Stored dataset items
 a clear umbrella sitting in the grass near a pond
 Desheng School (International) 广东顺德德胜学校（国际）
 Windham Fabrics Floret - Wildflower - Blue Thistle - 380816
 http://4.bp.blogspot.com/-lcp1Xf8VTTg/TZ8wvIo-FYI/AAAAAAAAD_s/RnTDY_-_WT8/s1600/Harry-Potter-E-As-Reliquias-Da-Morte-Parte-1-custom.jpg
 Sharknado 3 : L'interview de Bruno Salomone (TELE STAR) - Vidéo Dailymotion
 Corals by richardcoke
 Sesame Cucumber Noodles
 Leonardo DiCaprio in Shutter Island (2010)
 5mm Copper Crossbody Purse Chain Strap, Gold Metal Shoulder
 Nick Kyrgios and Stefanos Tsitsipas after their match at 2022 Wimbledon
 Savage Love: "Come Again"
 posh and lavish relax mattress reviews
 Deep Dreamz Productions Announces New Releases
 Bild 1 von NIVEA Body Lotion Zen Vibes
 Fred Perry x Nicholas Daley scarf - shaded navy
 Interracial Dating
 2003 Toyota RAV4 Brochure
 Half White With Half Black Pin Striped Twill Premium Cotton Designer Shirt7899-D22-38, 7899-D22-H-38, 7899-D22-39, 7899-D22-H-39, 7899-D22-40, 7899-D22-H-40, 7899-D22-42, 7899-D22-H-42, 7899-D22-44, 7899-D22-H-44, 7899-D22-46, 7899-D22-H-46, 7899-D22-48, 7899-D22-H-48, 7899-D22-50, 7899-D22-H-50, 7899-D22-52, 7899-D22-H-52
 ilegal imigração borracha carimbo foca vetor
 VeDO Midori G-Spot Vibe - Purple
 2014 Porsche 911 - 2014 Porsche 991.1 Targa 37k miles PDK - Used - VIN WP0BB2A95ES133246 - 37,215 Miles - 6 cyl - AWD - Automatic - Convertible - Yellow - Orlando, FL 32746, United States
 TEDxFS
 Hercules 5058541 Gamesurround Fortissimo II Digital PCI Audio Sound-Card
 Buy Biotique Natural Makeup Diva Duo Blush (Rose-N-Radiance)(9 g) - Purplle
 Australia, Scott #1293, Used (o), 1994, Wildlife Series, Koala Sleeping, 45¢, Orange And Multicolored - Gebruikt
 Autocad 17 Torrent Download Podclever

## Task requirements:
Reproduce exactly, please, only the lines from the start of the data above to the line that contains "Sharknado 3 : L'interview", with both ends kept.

## Output for this task:
 a clear umbrella sitting in the grass near a pond
 Desheng School (International) 广东顺德德胜学校（国际）
 Windham Fabrics Floret - Wildflower - Blue Thistle - 380816
 http://4.bp.blogspot.com/-lcp1Xf8VTTg/TZ8wvIo-FYI/AAAAAAAAD_s/RnTDY_-_WT8/s1600/Harry-Potter-E-As-Reliquias-Da-Morte-Parte-1-custom.jpg
 Sharknado 3 : L'interview de Bruno Salomone (TELE STAR) - Vidéo Dailymotion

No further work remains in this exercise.